Safeguards and role requirements
The Opinions strengthen safeguards to ensure that independent directors are able to fully perform their duties in accordance with legal requirements.
They require listed companies to provide necessary conditions for independent directors to perform their duties with respect to organization, personnel, resources, information, and funding, as well as increase supervision and management of entities that fail to cooperate with independent directors or obstruct independent directors in the performance of their duties.
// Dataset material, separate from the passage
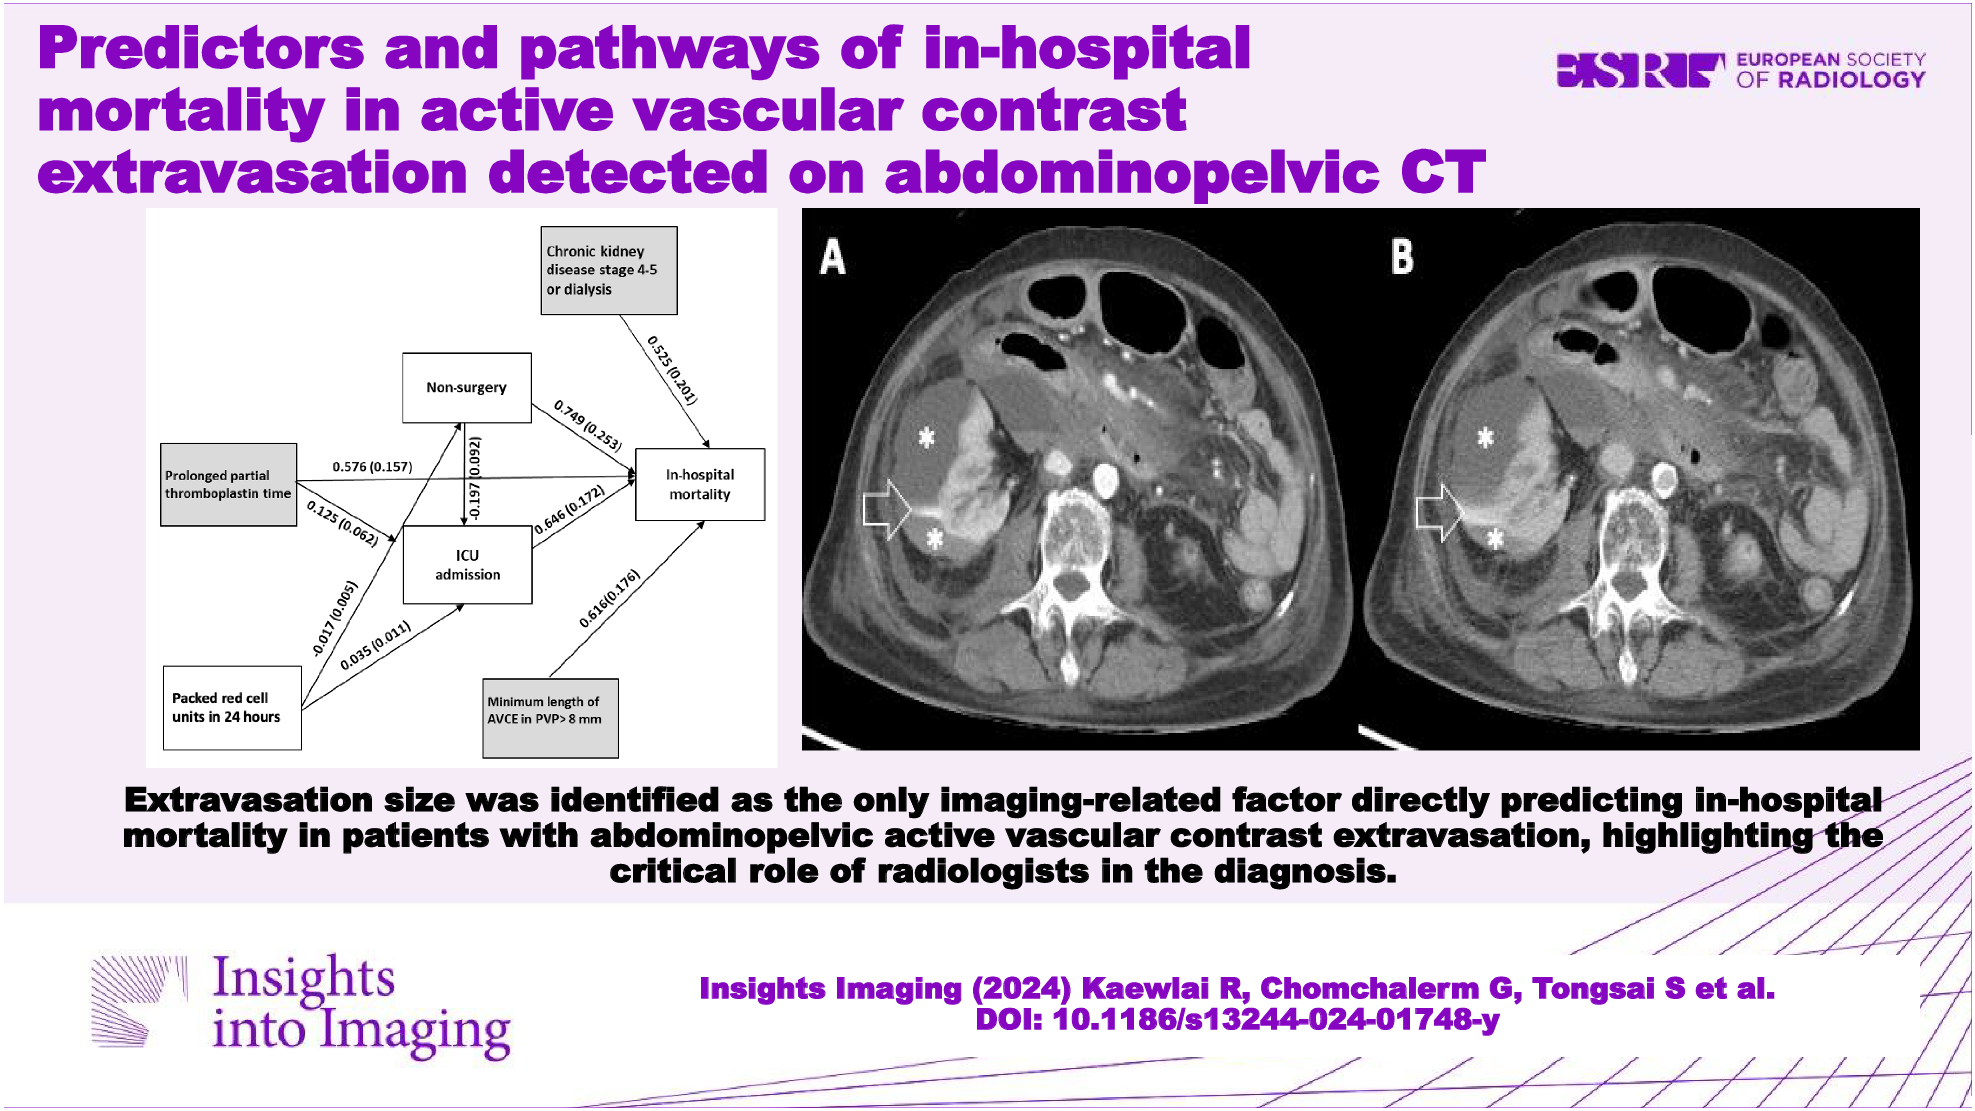 Predictors and pathways of in-hospital mortality in active vascular contrast extravasation detected on abdominopelvic CT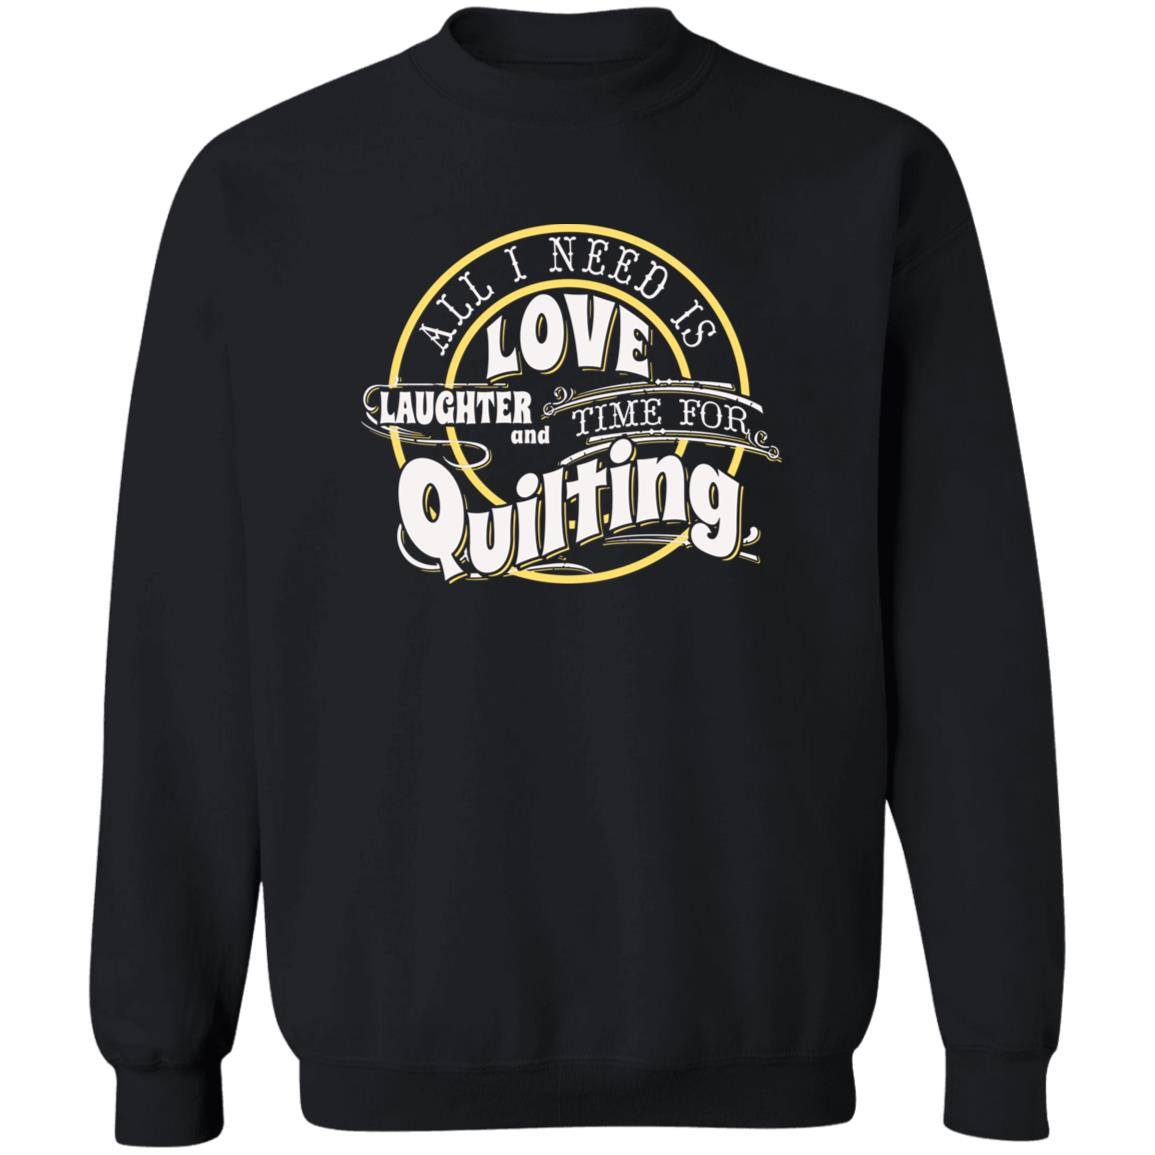 Time for Quilting Sweatshirt

The Opinions also seek to hold independent directors accountable for negligence and regulatory breaches, setting performance requirements with regard to working hours, work records and part-time occupations.
Clarification of legal liability
A CSRC official that it is necessary to set targeted administrative and civil liability recognition standards for independent directors.
With regard to the Kangmei Pharmaceutical case involving liability for false statements, the official said “it is necessary to comprehensively judge the subjective fault of independent directors, the role they played in decision-making, the information channels they accessed, and the measures they took to verify information in order to reasonably determine the form, proportion, and amount of their civil compensation liability, and avoid unreasonably amplifying the risk of independent directors in the performance of duties.”